4 Identity shortcut? ⚡ easy
Answer: Skip connection adds x directly when dimensions match—if channels/stride differ, use 1×1 conv projection on shortcut to match shape.
5 Why learn residual F? 🔥 hard
Answer: If optimal mapping is close to identity, easier to learn small perturbation F than full mapping; empirically eases optimization of deep nets.
6 When projection shortcut? 📊 medium
Answer: When block changes spatial size (stride 2) or channel count—1×1 conv on x with stride aligns dimensions for addition.
7 Bottleneck block? 📊 medium
Answer: 1×1 reduce channels → 3×3 spatial conv → 1×1 expand—cuts FLOPs for deep models (ResNet-50+).
8 Common depths? ⚡ easy
Answer: ResNet-18/34 use basic blocks; 50/101/152 use bottleneck—standard backbones for detection/segmentation.
9 Relation to vanishing gradients? 📊 medium
Answer: Shortcuts provide gradient highways—identity path carries gradients deeper; complements BN and good init.
10 BN ordering? 📊 medium
Answer: Original: conv → BN → ReLU inside F; post-activation variants exist (ResNet v2)—interview often accepts conv-BN-ReLU block.
11 Initialization? ⚡ easy
Answer: He init for conv layers suited to ReLU—standard with ResNet training recipes.
12 ResNeXt? 🔥 hard
Answer: Splits channels into cardinality groups inside block—trade width vs depth; improves accuracy with similar FLOPs.
13 ResNet in detection? 📊 medium
Answer: Common backbone in Faster R-CNN, RetinaNet with FPN—C4/C5 feature maps extracted for heads.
14 In segmentation? 📊 medium
Answer: Encoder backbone (e.g.

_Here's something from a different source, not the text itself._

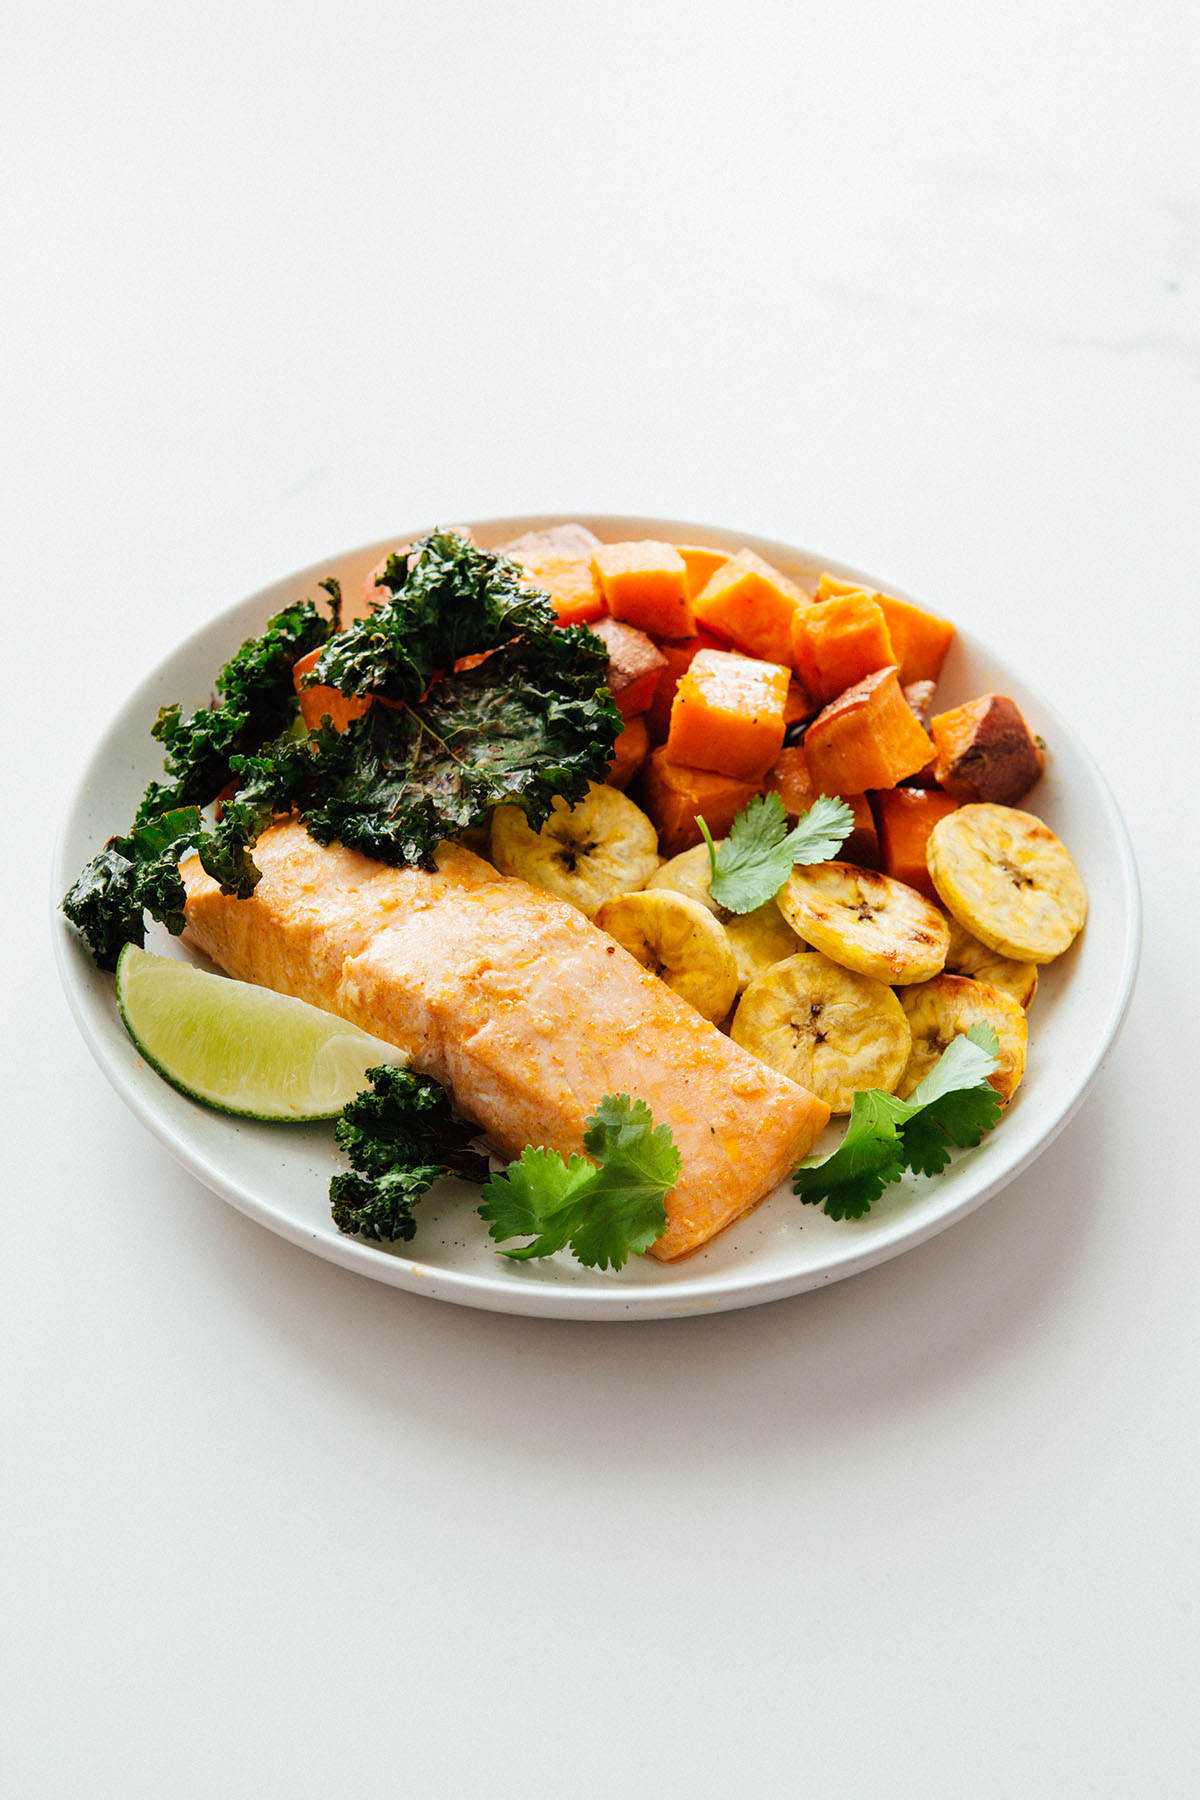 Salmon dinner on a plate.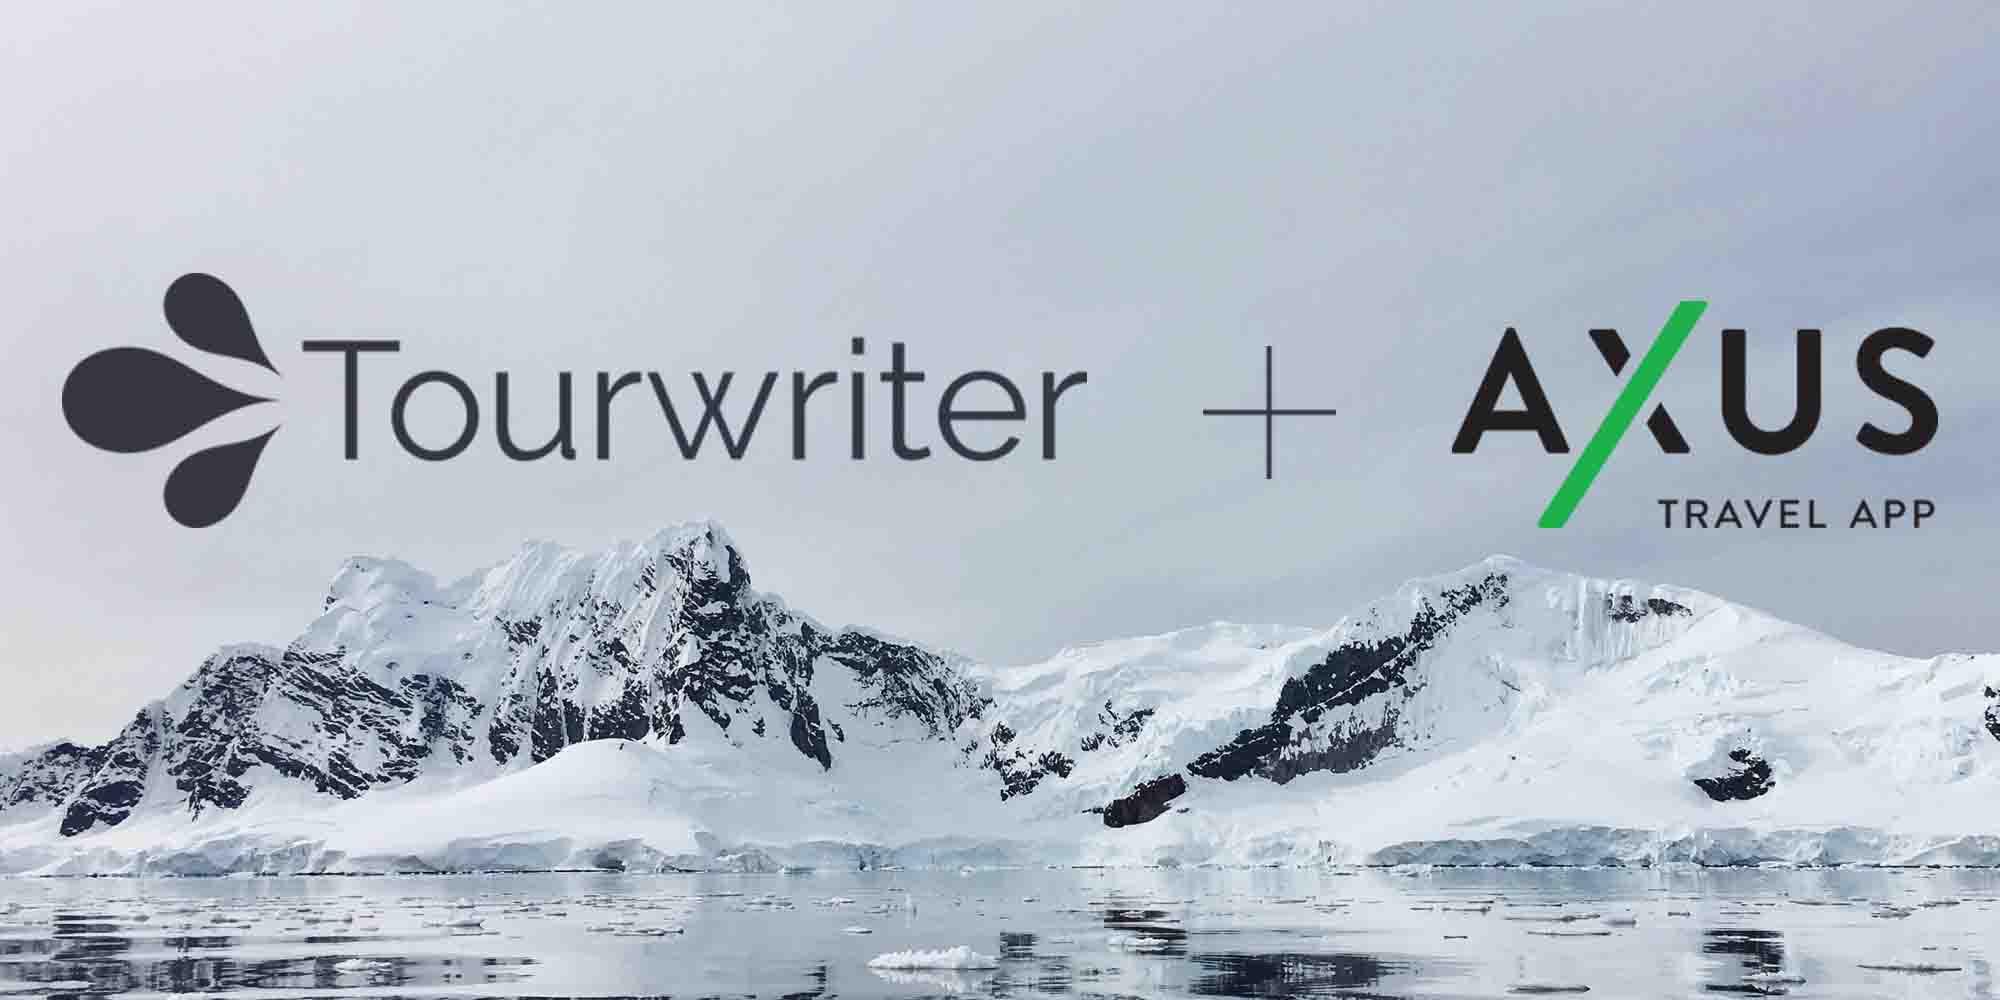 Tourwriter Axus integration

ResNet-50) + decoder (U-Net style, ASPP)—pretrained ImageNet weights standard.
15 vs VGG? 📊 medium
Answer: ResNet achieves better accuracy with fewer FLOPs than very deep VGG due to bottlenecks and efficiency.
16 Training recipe? 📊 medium
Answer: SGD + momentum, step LR decay, weight decay, long epochs on ImageNet—augmentation similar to prior CNNs.
17 vs DenseNet? 🔥 hard
Answer: DenseNet concatenates all previous features—different memory/compute tradeoff; ResNet adds single skip per block.
18 Write the equation. ⚡ easy
Answer: Typically y = σ(F(x) + x) or ReLU after add depending on variant—core idea is additive skip.
19 Zero-init last BN? 🔥 hard
Answer: Some training refinements initialize last BN in residual branch to zero so block starts near identity—stabilizes early training.
20 Still used? ⚡ easy
Answer: Yes—strong baseline; ConvNeXt, ViT compete on benchmarks but ResNet remains default for robustness and tooling.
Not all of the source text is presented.